От этого страдает и собственно сюжет: зрителю, например, предлагается принять как должное, что современный подросток не понимает принципов работы интернет-чатов, простодушно не различает реальное и виртуальное и ведет себя в сетевом пространстве примерно, как те психологически неподготовленные люди, что в 1896 году, если верить преданиям, испытали панику на премьерном показе великого фильма «Прибытие поезда». Понятно, что сценарный замысел о погоне за виртуальной мечтой через Берингов пролив требует от героя именно такой наивности, но, сама по себе неправдоподобная, она никак не обоснована и в фильме: Лёшка вроде не идиот, и не производит впечатление местного Форреста Гампа, и что такое интернет узнал не вот только что — у него уже есть ноутбук, и он уверенно им пользуется. Создается впечатление, что единственным и, в глазах авторов, вполне достаточным объяснением является само место действия: дело происходит в глубинке, хуже того — на Чукотке. А глубинка в российском кино, как известно, давно уже стала дежурным оправданием для любых сценарных капризов. Странные там люди живут, в глубинке, дикари-с. Такая необъяснимая и ничем, кроме географической локации, не объясненная наивность главного героя несколько дискредитирует замысел картины, и задуманный автором поэтический сюжет взросления невыгодным для себя образом балансирует на грани анекдота про чукчу.
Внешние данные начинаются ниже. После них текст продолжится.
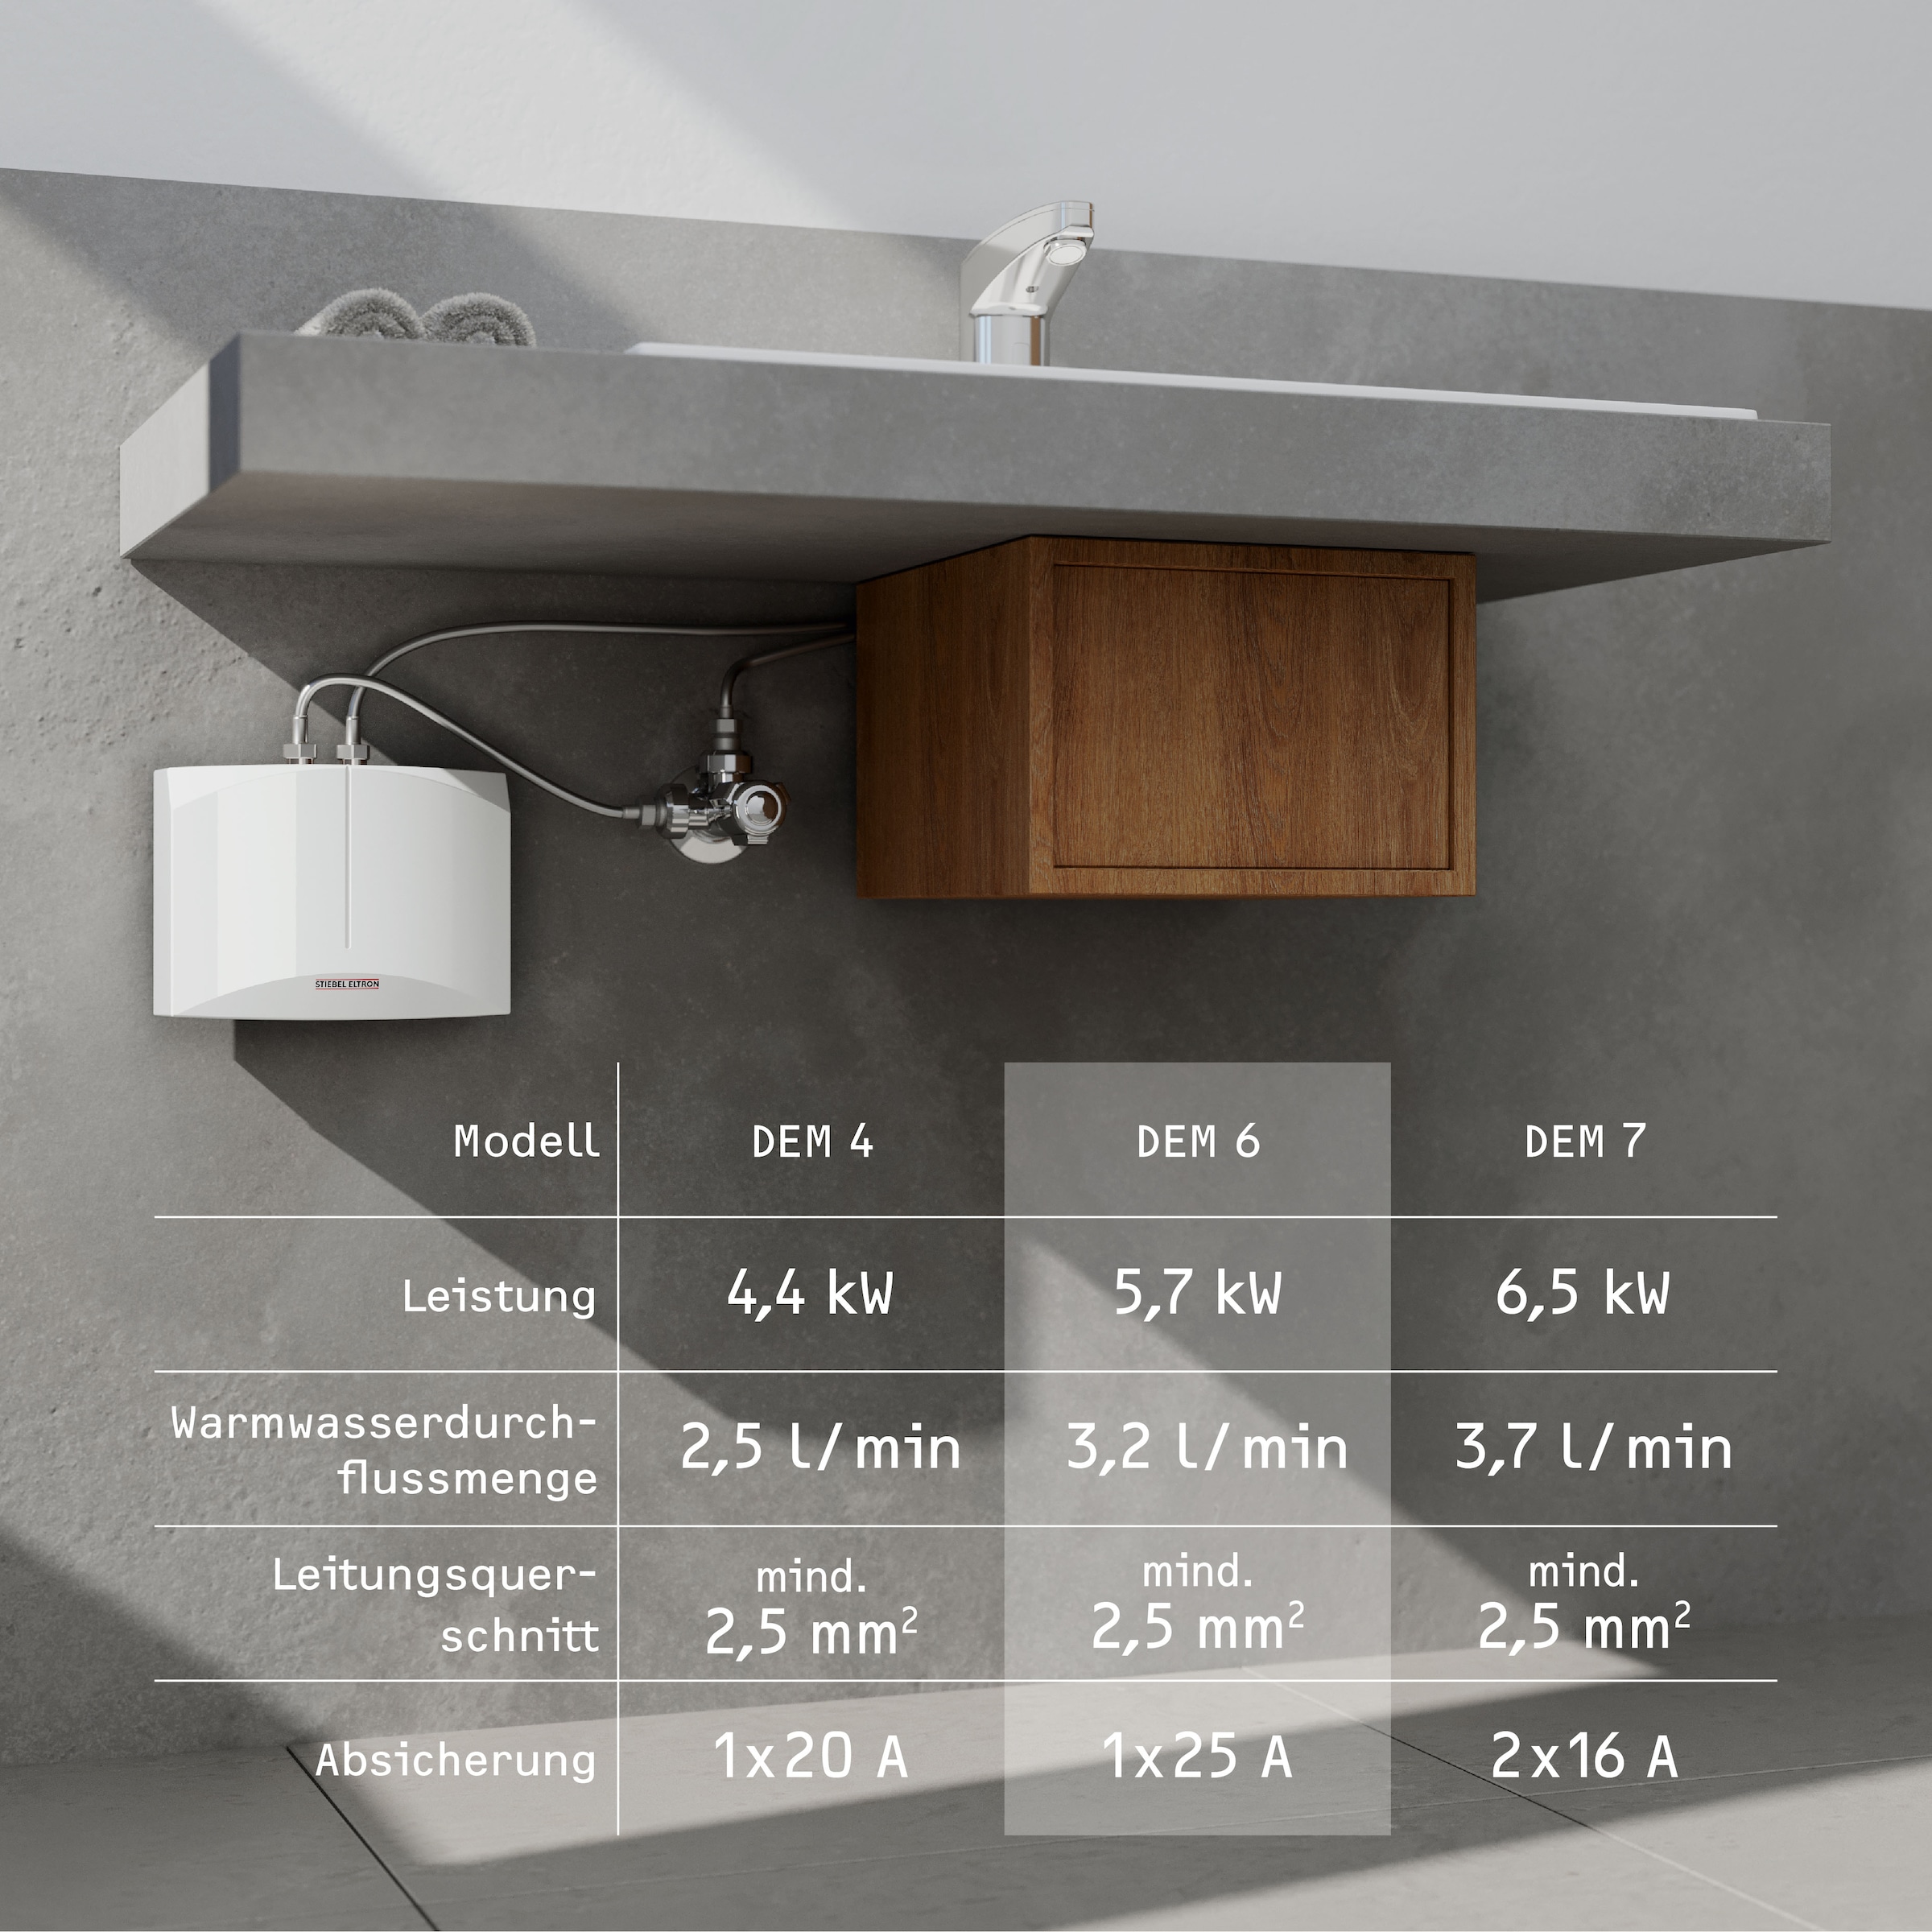 STIEBEL ELTRON Klein-Durchlauferhitzer »DEM 6«, elektronisch, für Handwaschbecken, 5,7 kW, Festanschluss 230V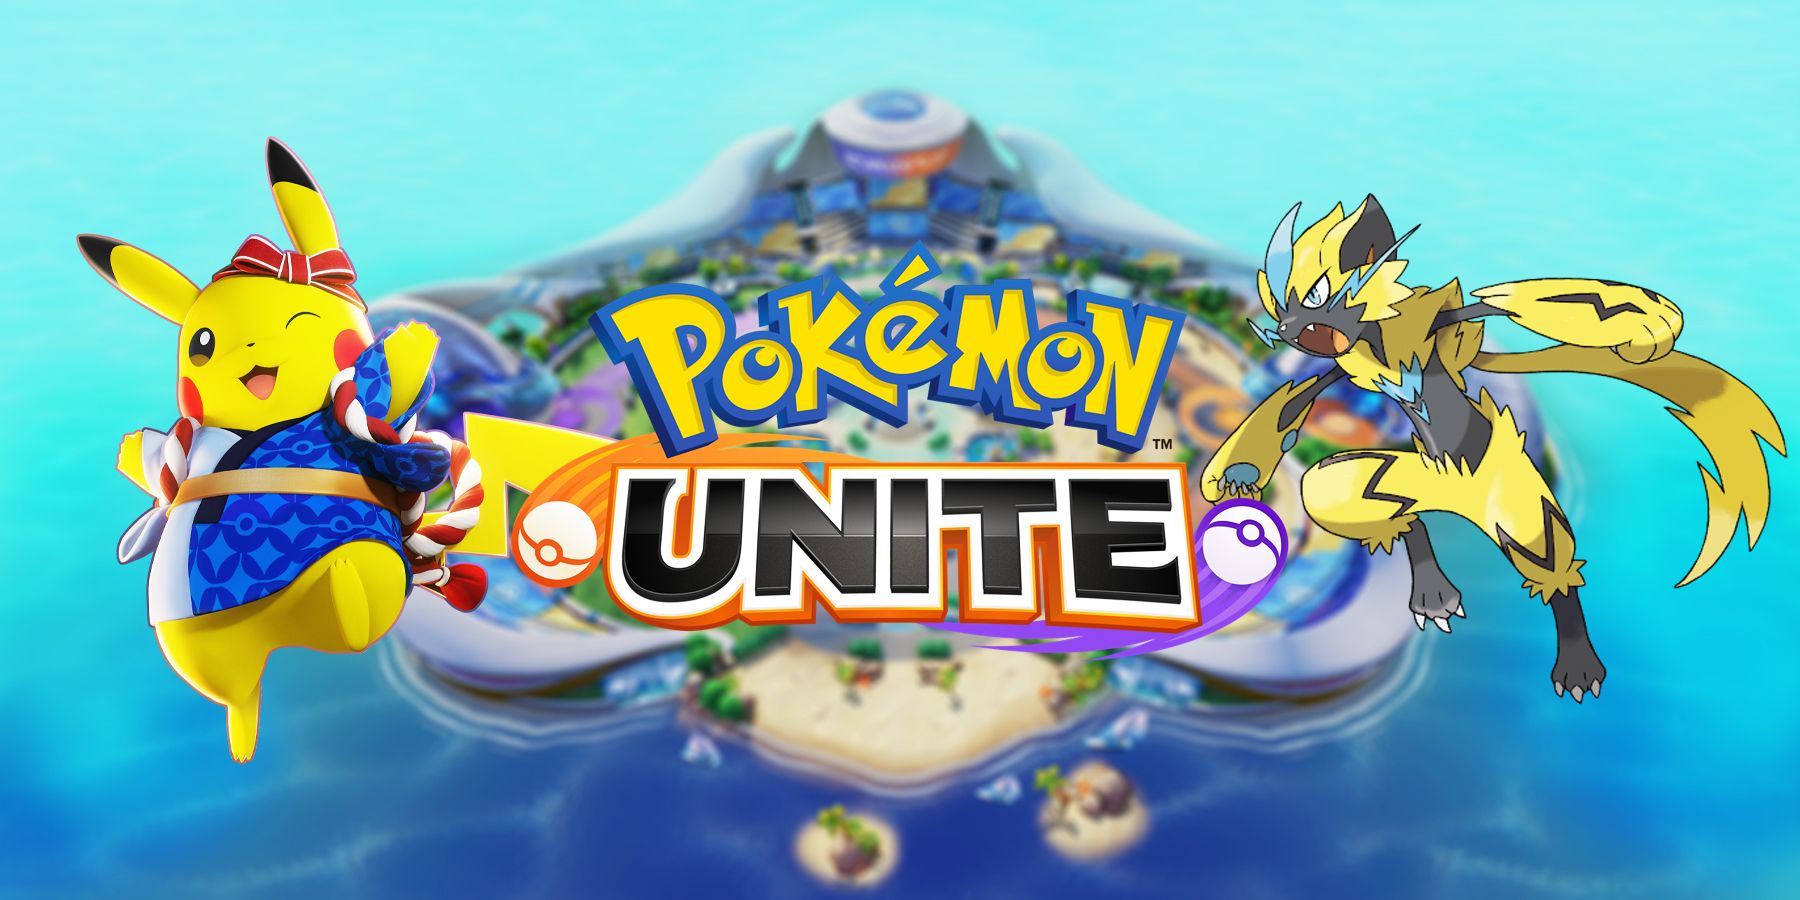 ახლა შესანიშნავი დროა Pokemon Unite-ის თამაშის დასაწყებად

Впрочем, несмотря на некоторые потери, понесенные картиной в жестокой борьбе за обладание стройной повествовательной структурой, внятной сюжетной идеей и нетривиальной историей, Филипп Юрьев выходит из этой борьбы победителем, и его «Kitoboy» заслуживает искренней симпатии и уважения. Особенно, учитывая, что стремление к нетривиальным историям и внятным сюжетным идеям, не говоря уж о нерыхлых нарративах, не слишком распространено среди российских кинематографистов.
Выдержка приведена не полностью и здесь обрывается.